## Problem details:
Only the lines from the one containing "It is important" through the end of the material should be printed, exactly as they appear. Leave out pictures.
Recorded data below:
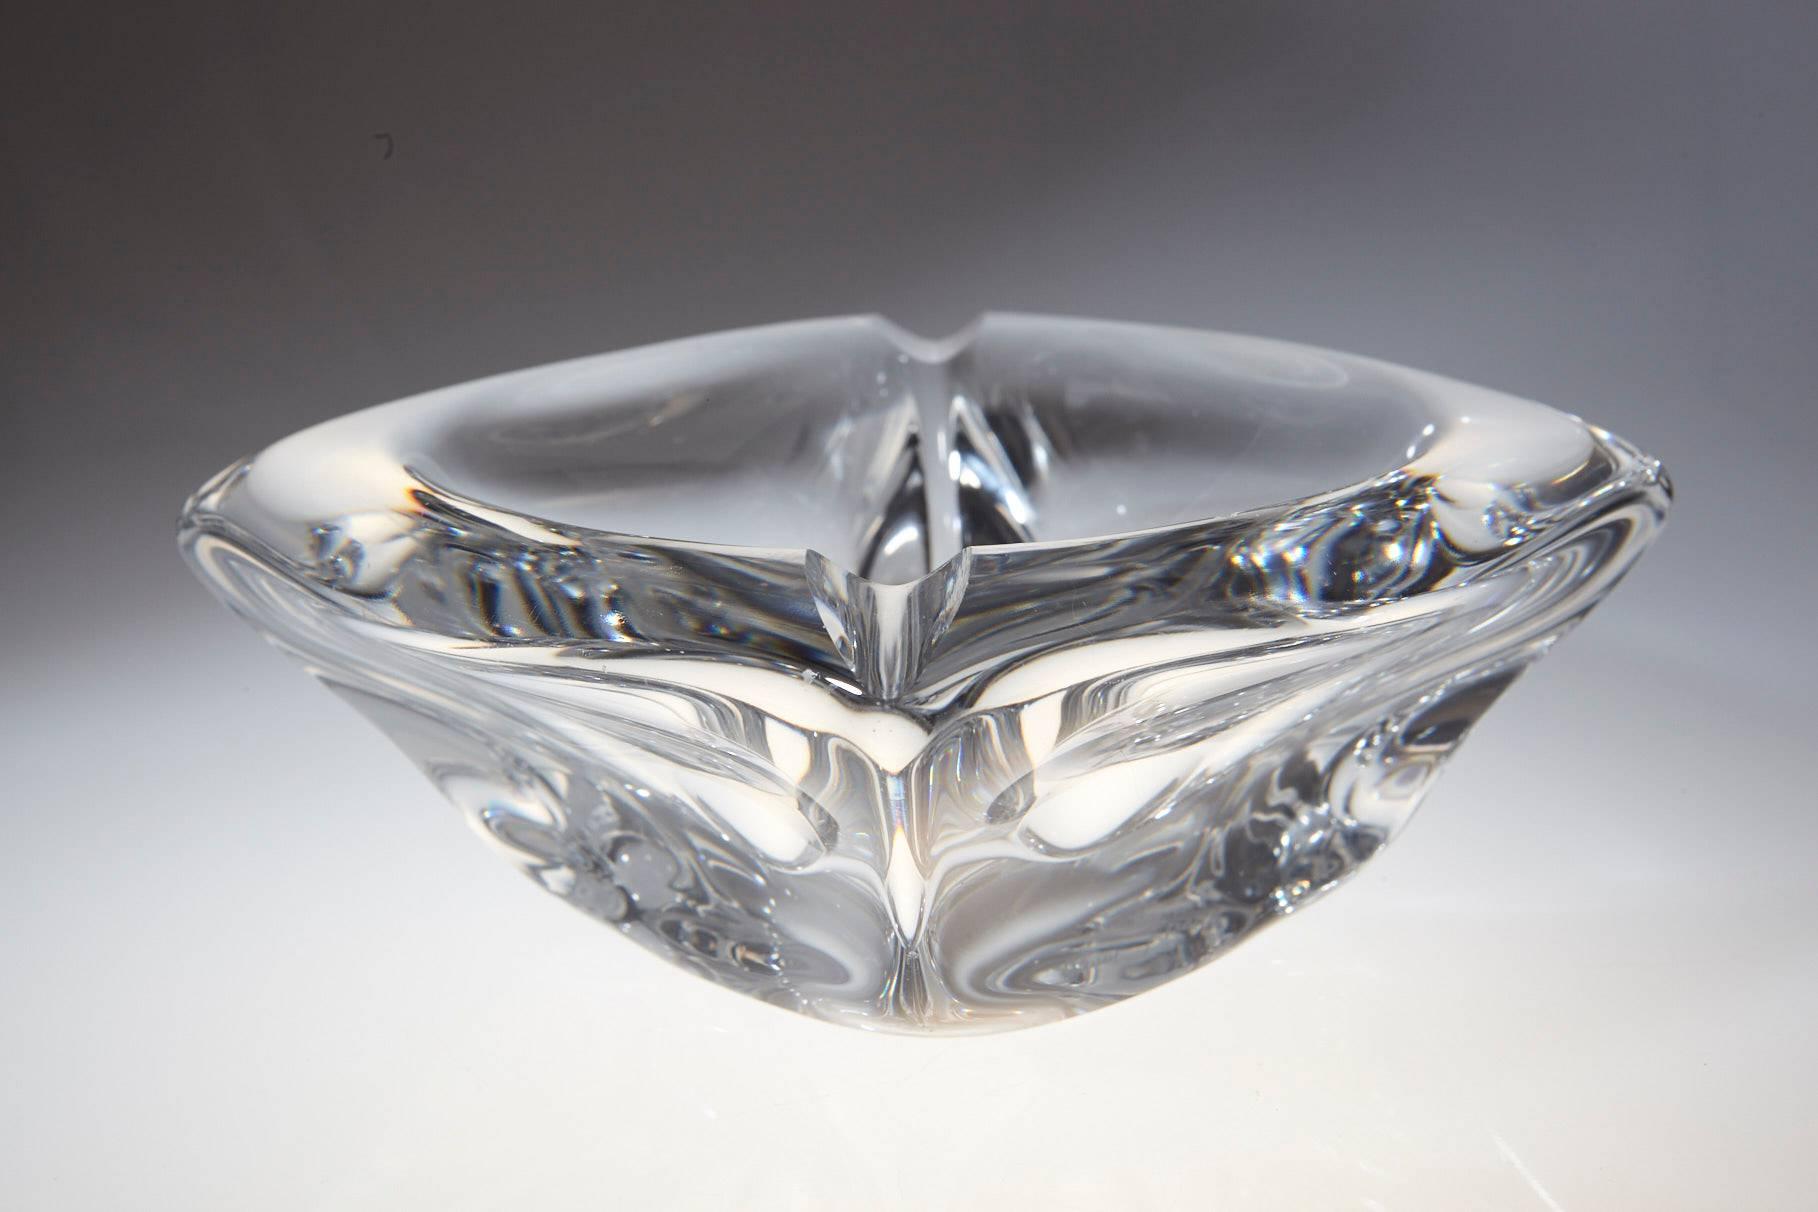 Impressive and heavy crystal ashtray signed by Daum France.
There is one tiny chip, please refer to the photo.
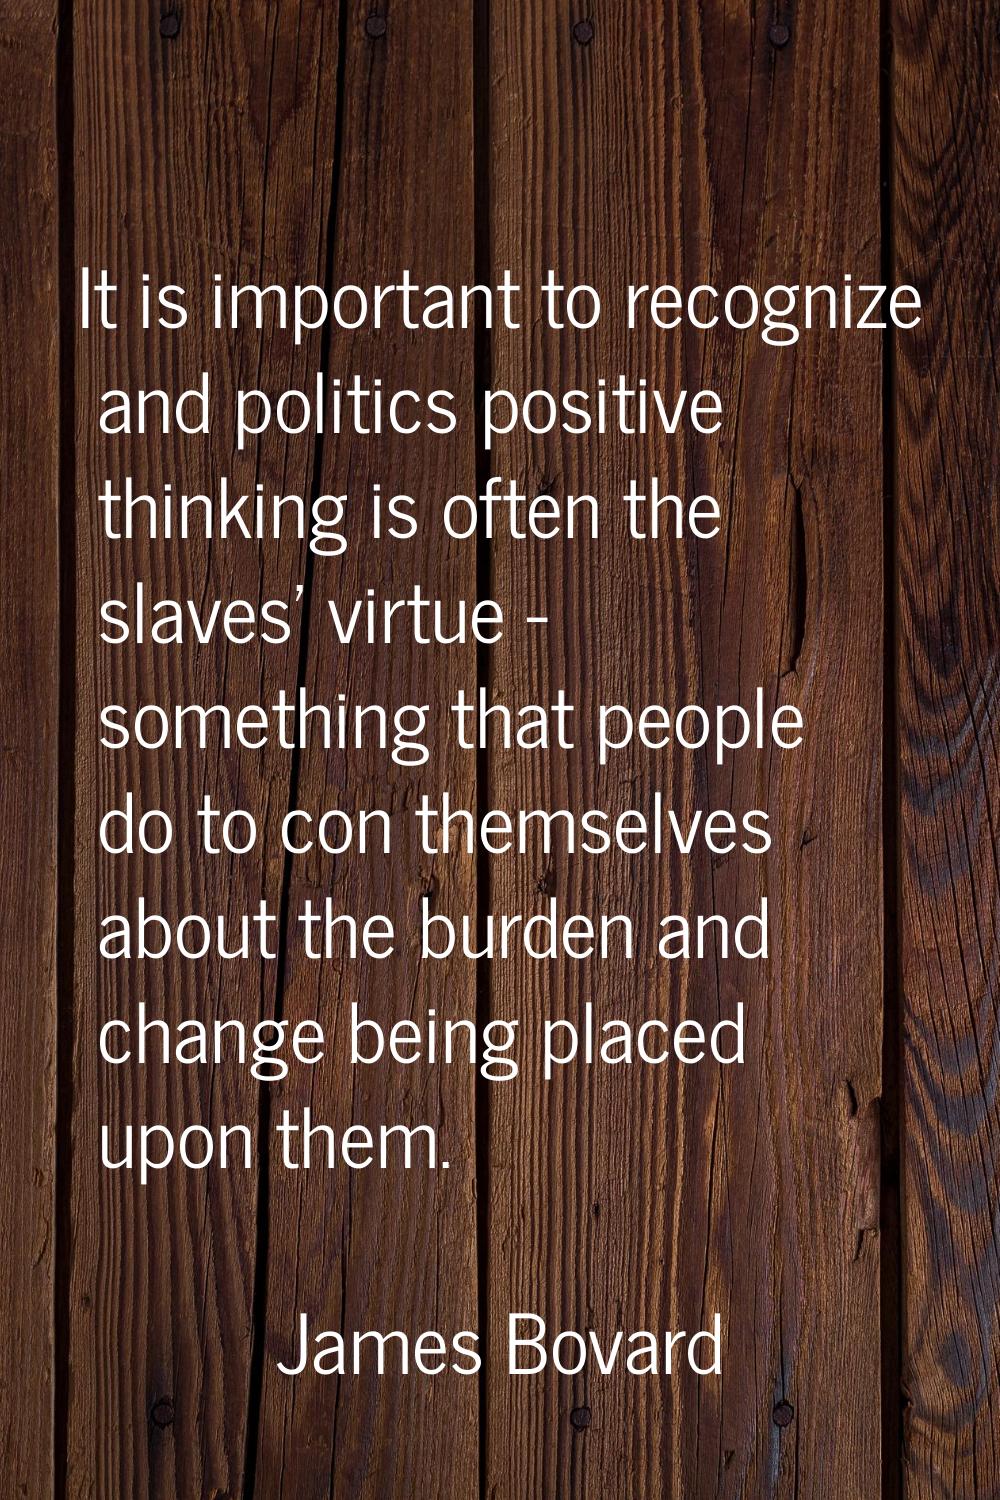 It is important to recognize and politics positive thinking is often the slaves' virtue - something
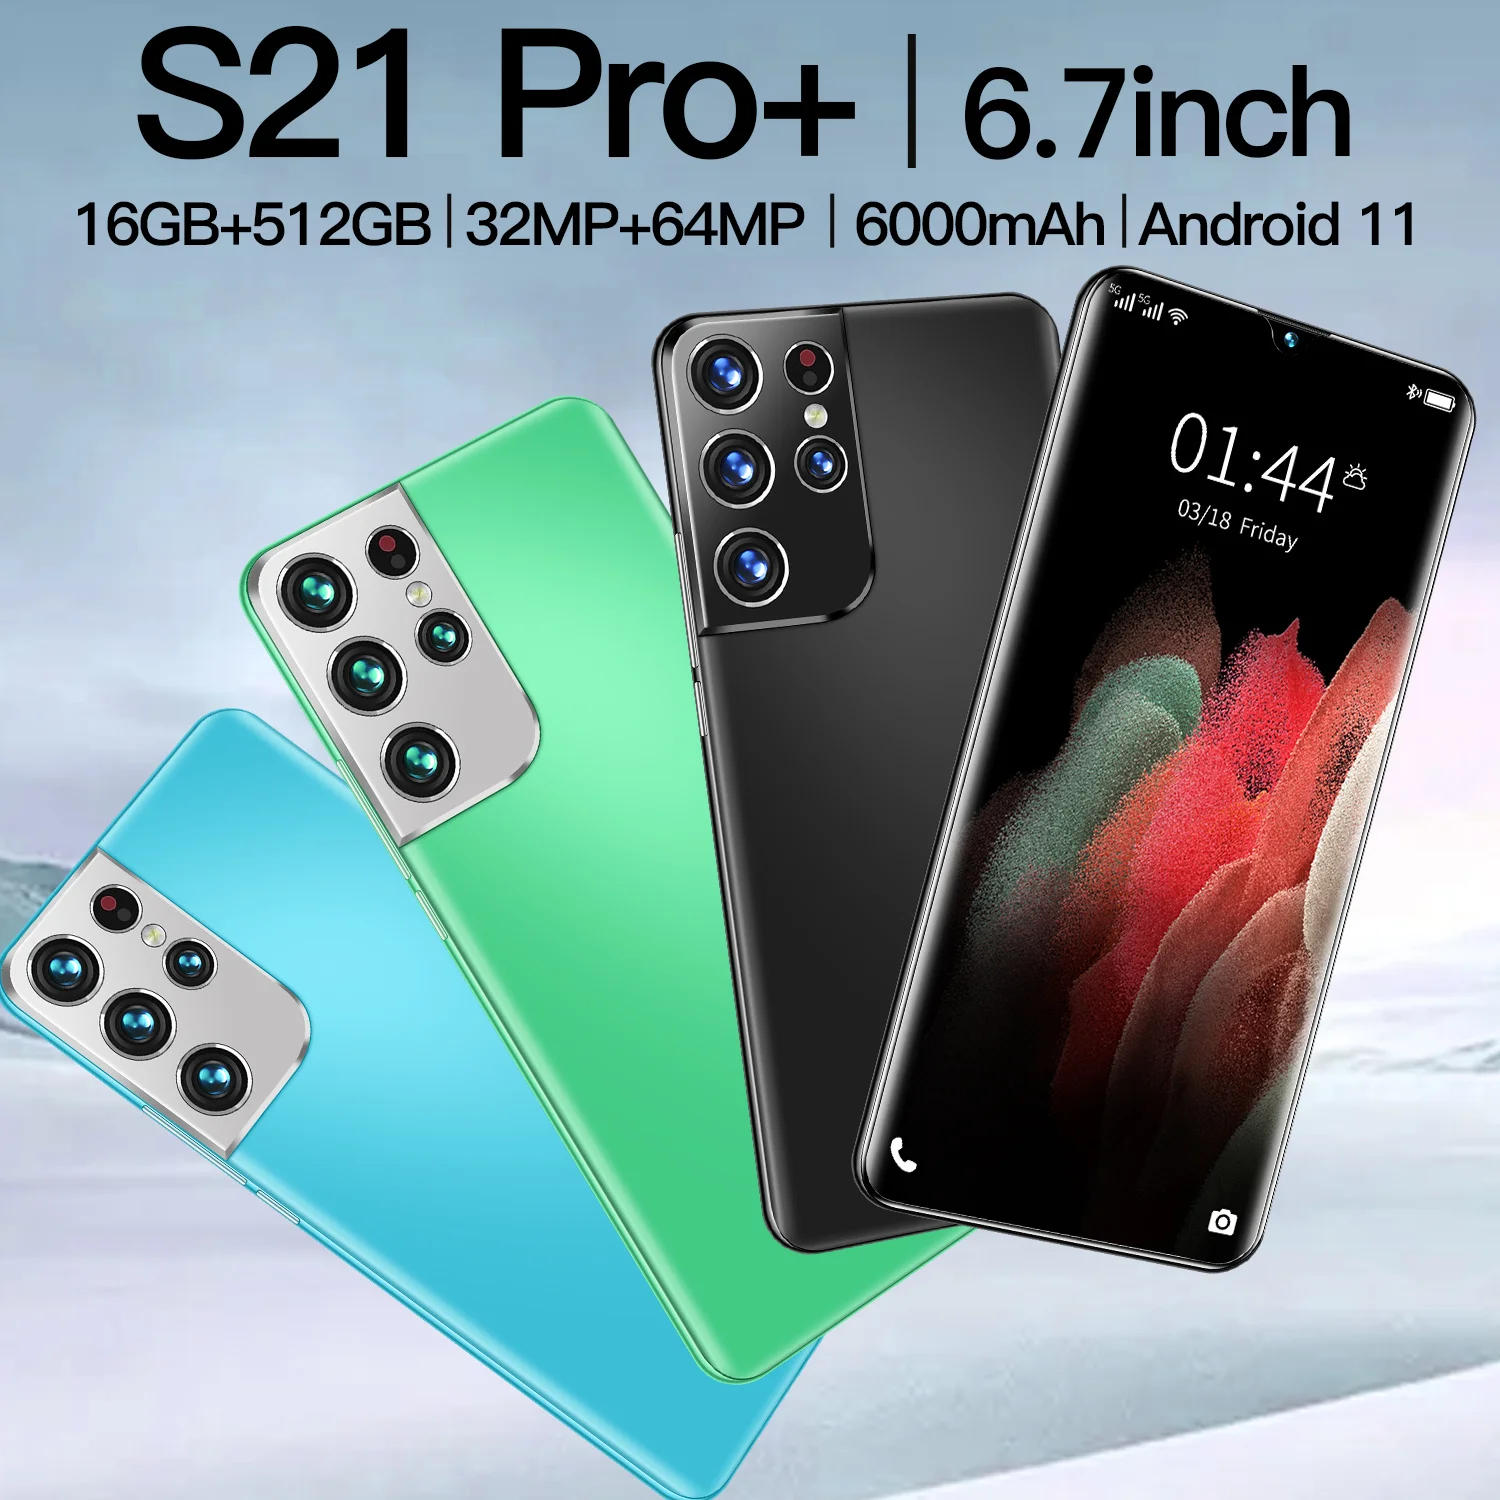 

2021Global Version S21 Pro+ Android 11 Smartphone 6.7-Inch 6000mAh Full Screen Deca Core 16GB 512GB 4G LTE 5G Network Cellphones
End of Recorded data.
## Task answer:
 It is important to recognize and politics positive thinking is often the slaves' virtue - something

2021Global Version S21 Pro+ Android 11 Smartphone 6.7-Inch 6000mAh Full Screen Deca Core 16GB 512GB 4G LTE 5G Network Cellphones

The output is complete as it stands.